- **Source material**
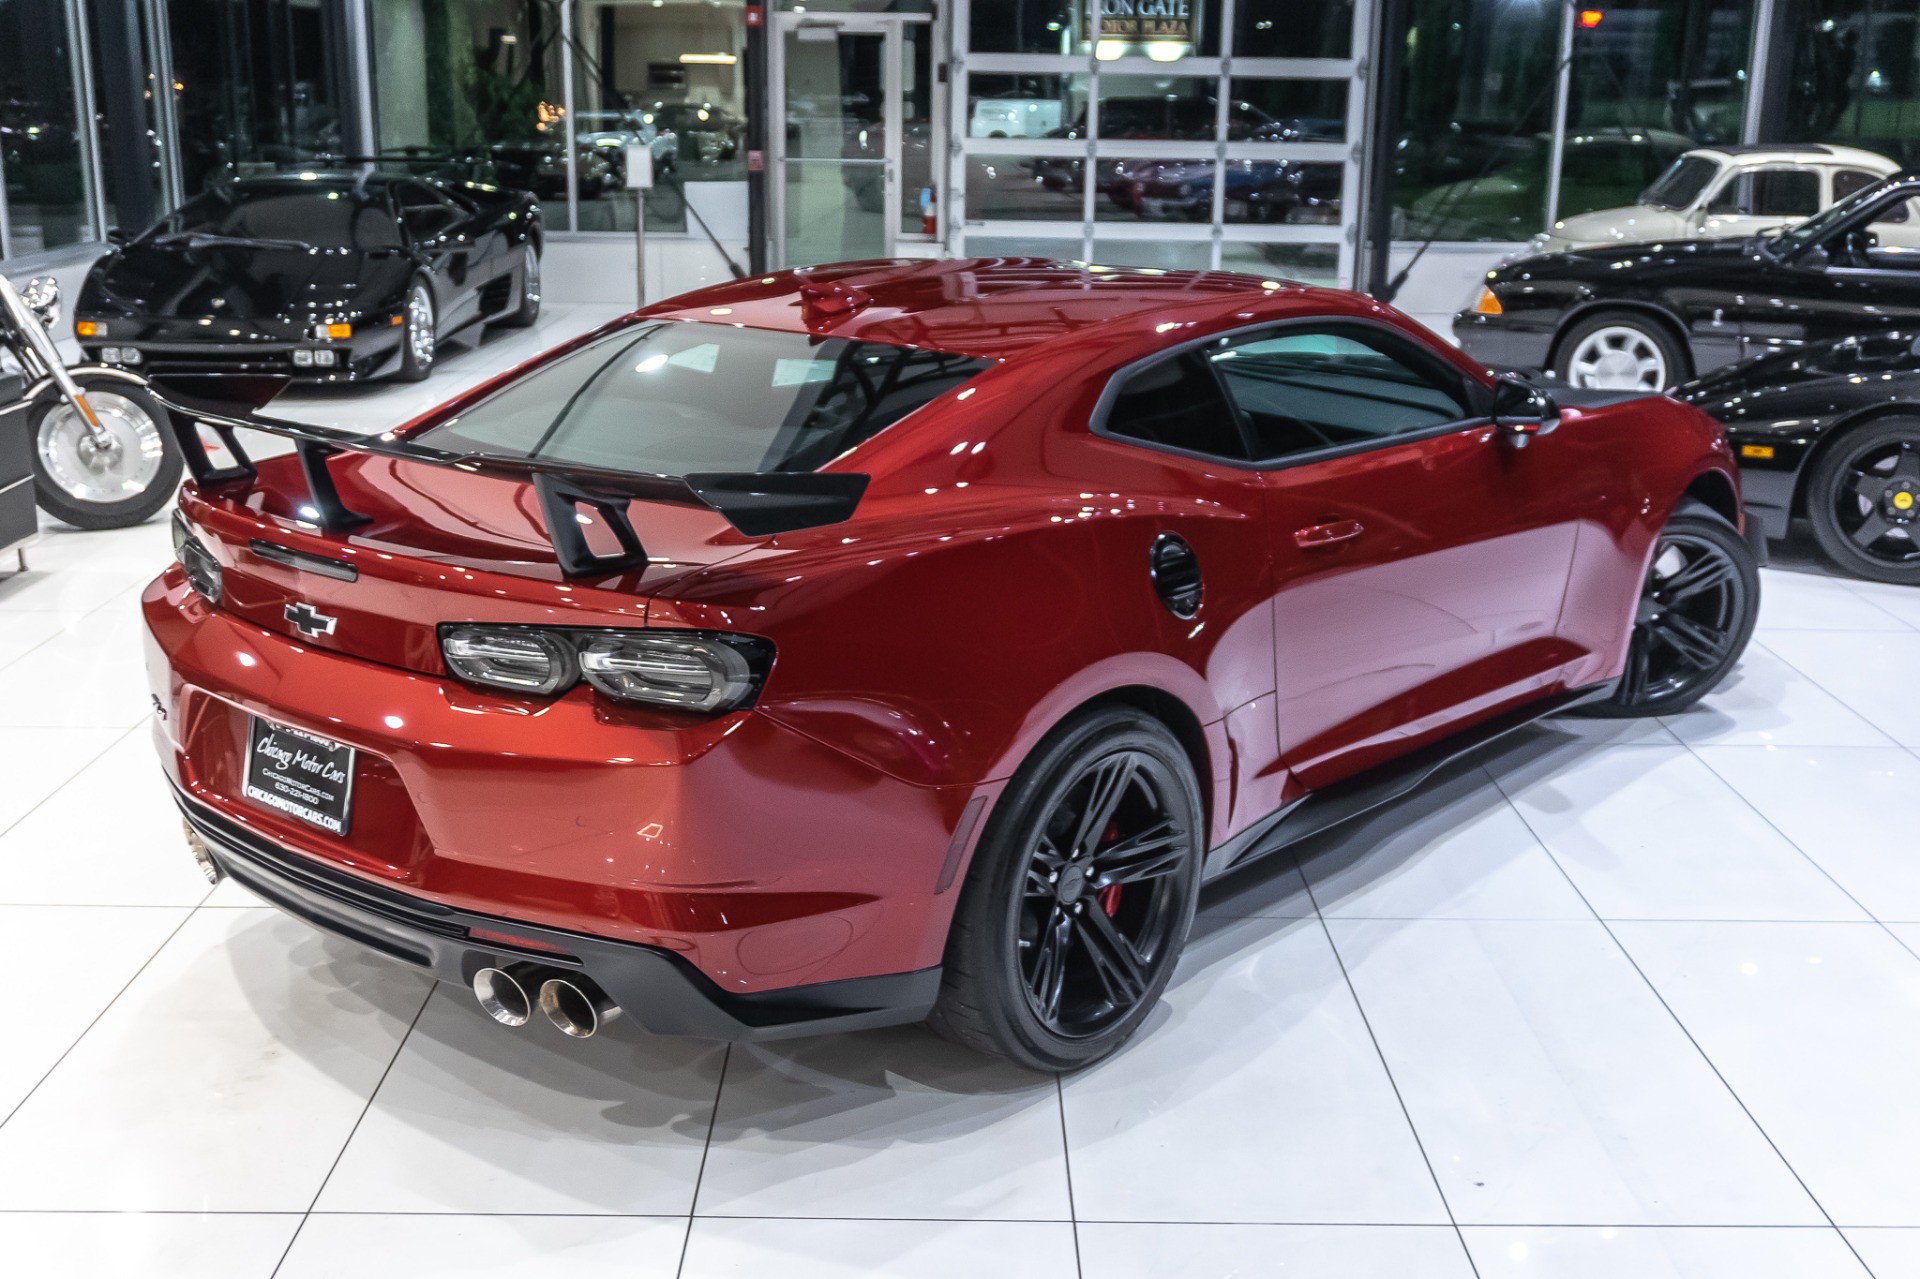 Used 2019 Chevrolet Camaro ZL1 1LE ONLY 161 MILES For Sale 69 800 
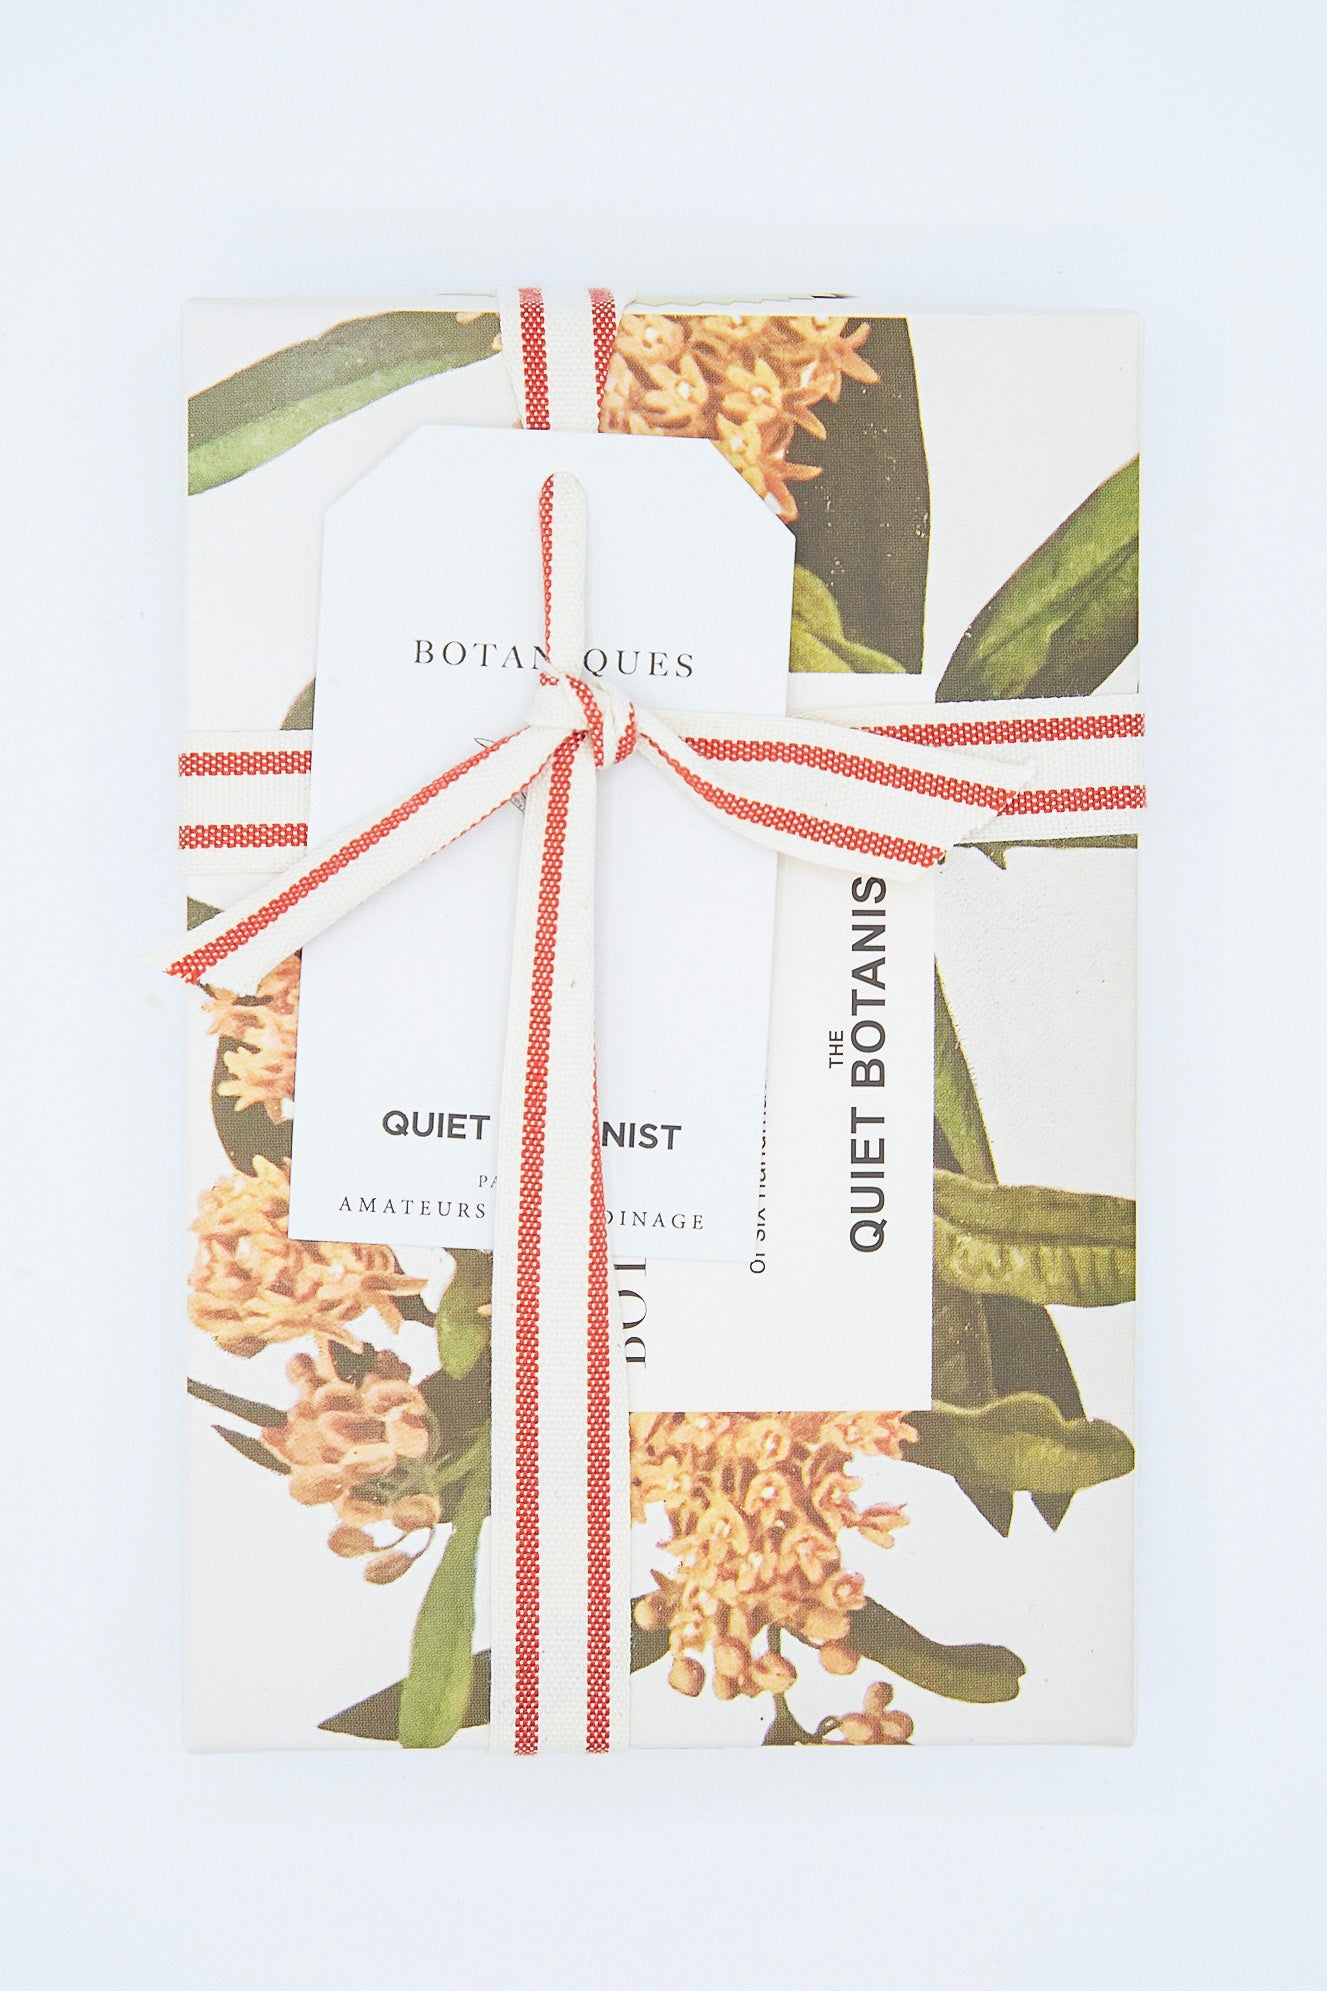 A limited edition box of Chocolate Botanical Bon Bons, gift wrapped in a white and red ribbon by The Quiet Botanist.
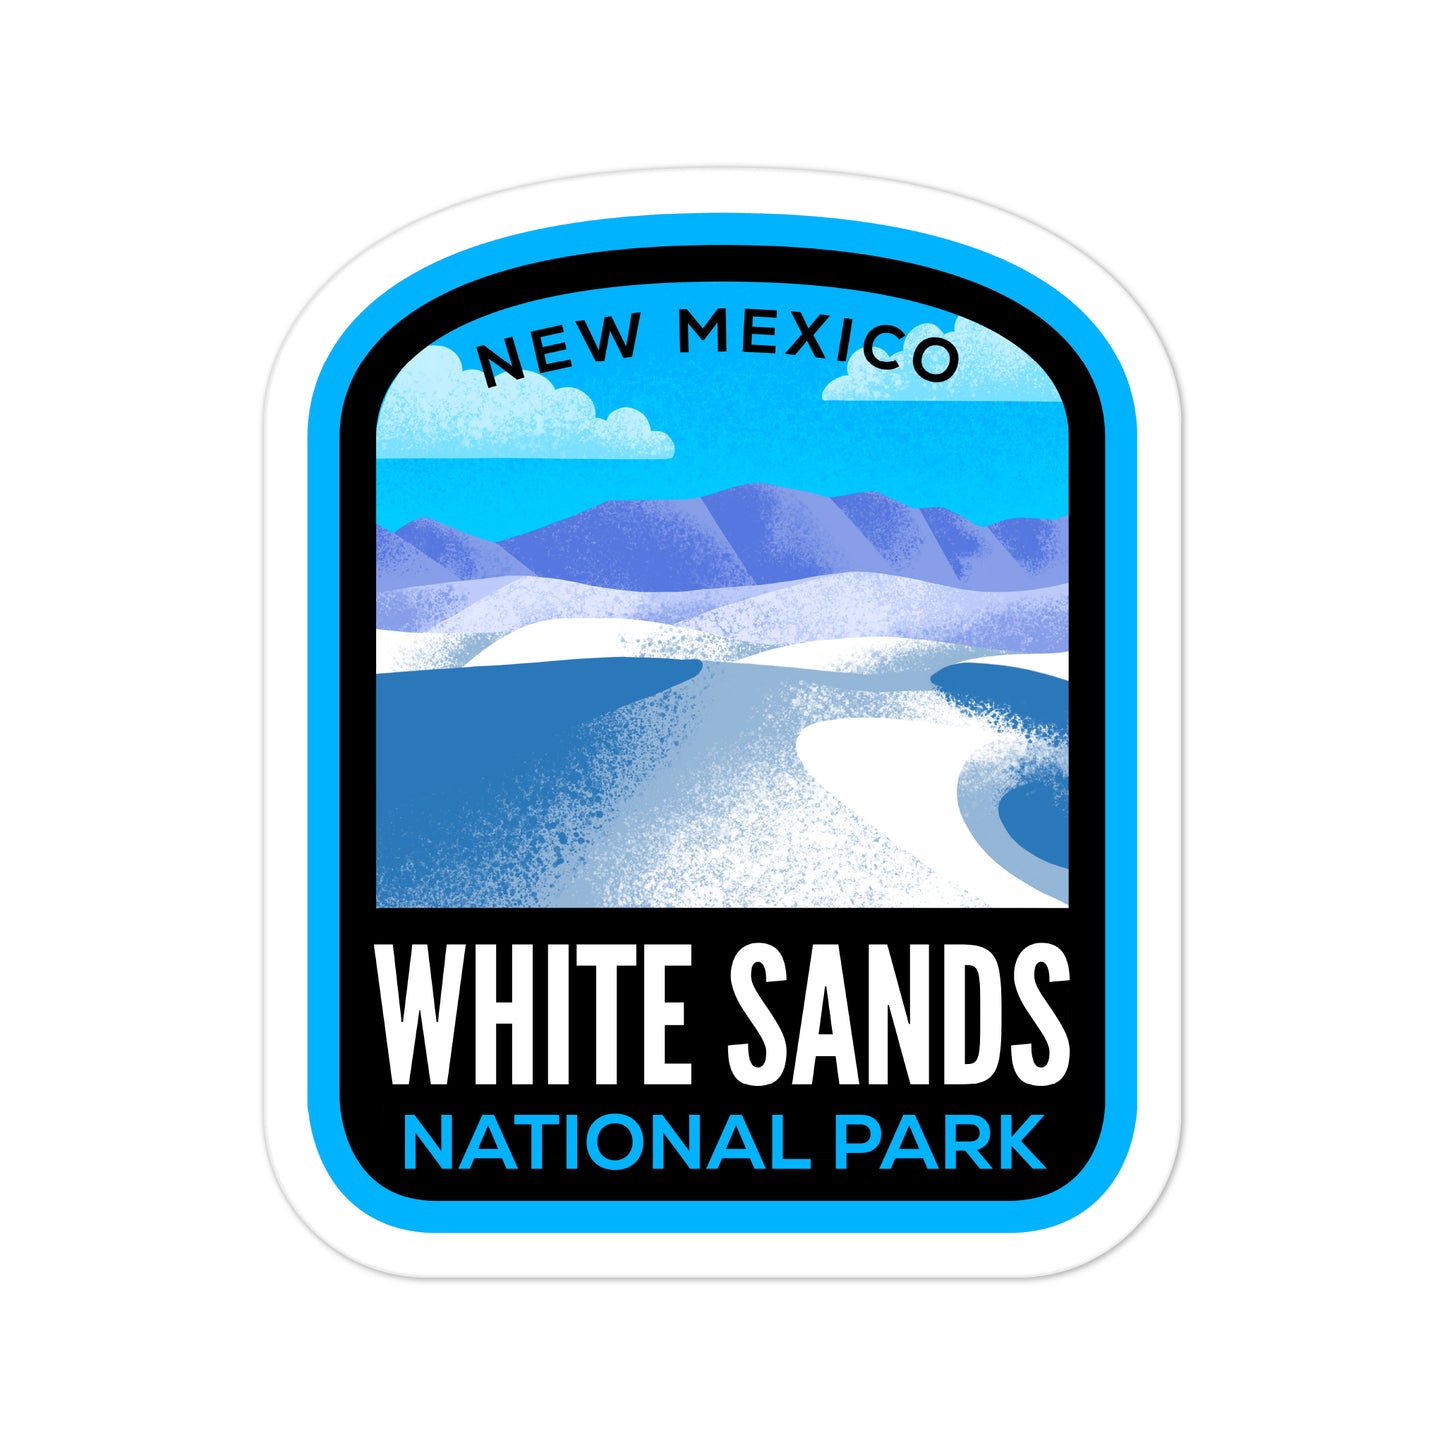 A sticker of White Sands National Park
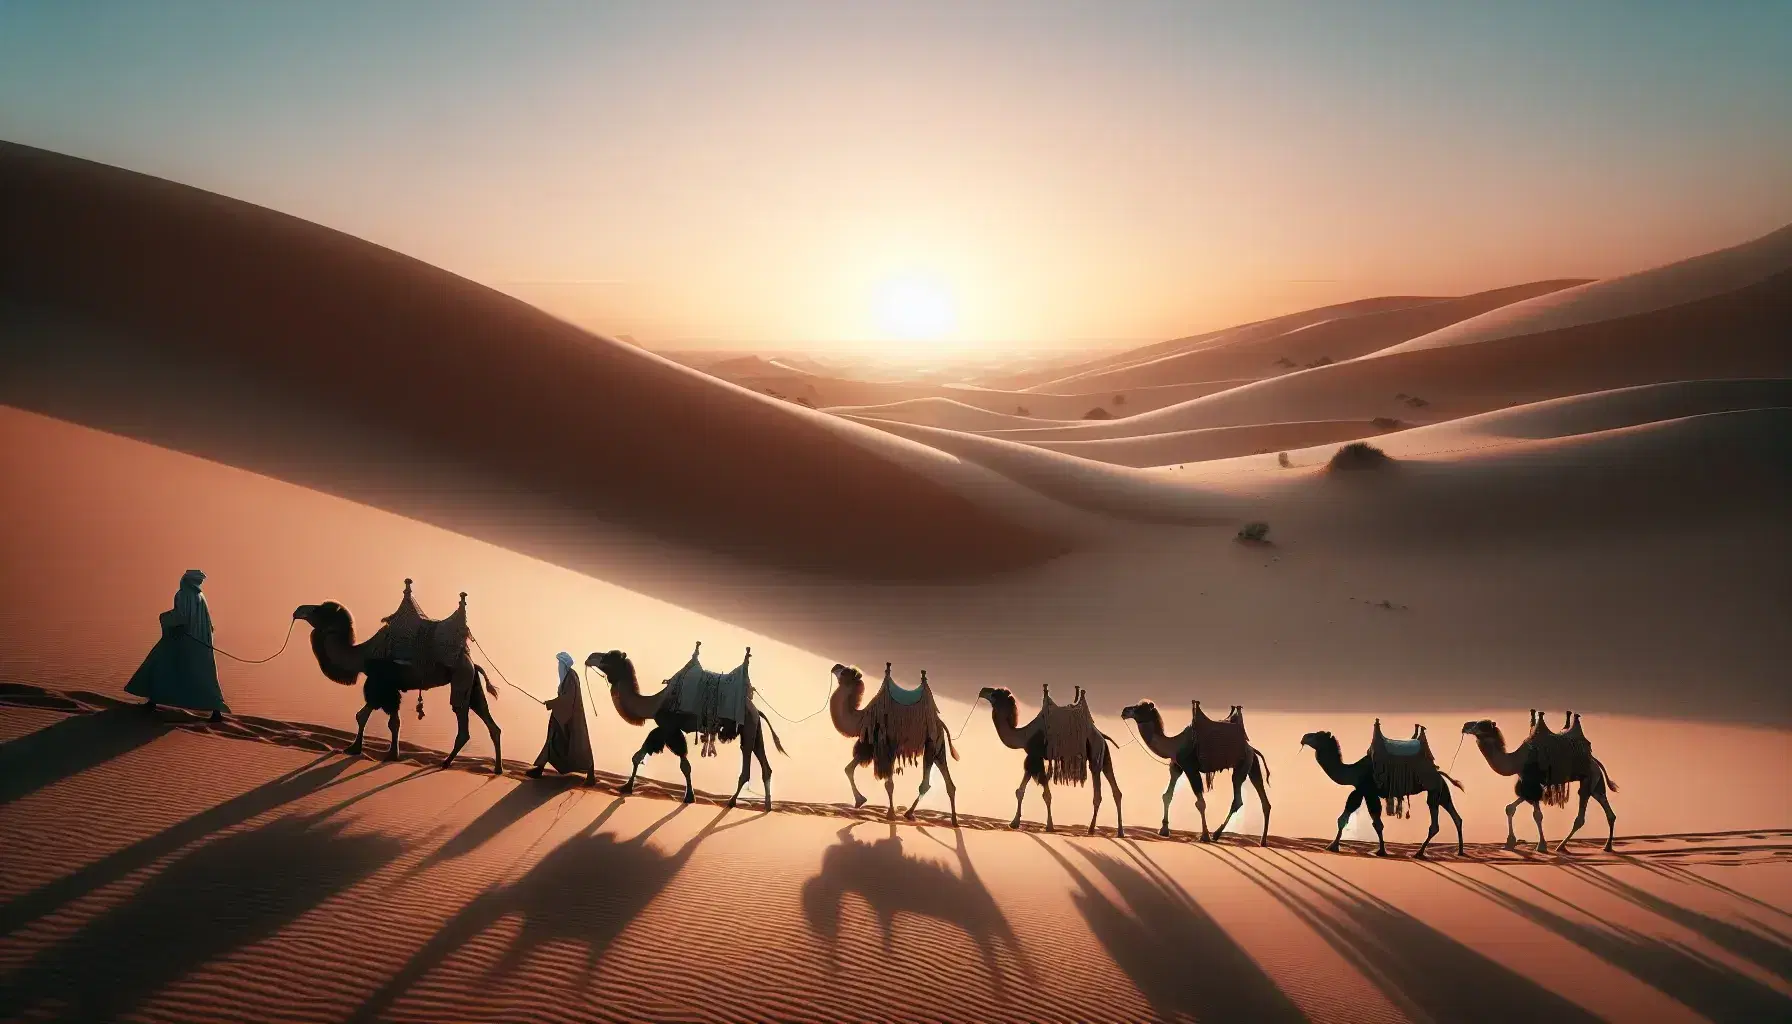 Serene desert dawn with a camel caravan silhouetted against a pastel sky, traditional robed figures leading, and long shadows cast on rippled sand.

- **Work to be completed**
Every line above should be returned word for word, with the pictures left behind.

- **Result for this exercise**
 Used 2019 Chevrolet Camaro ZL1 1LE ONLY 161 MILES For Sale 69 800 
 A limited edition box of Chocolate Botanical Bon Bons, gift wrapped in a white and red ribbon by The Quiet Botanist.
 A sticker of White Sands National Park
 Serene desert dawn with a camel caravan silhouetted against a pastel sky, traditional robed figures leading, and long shadows cast on rippled sand.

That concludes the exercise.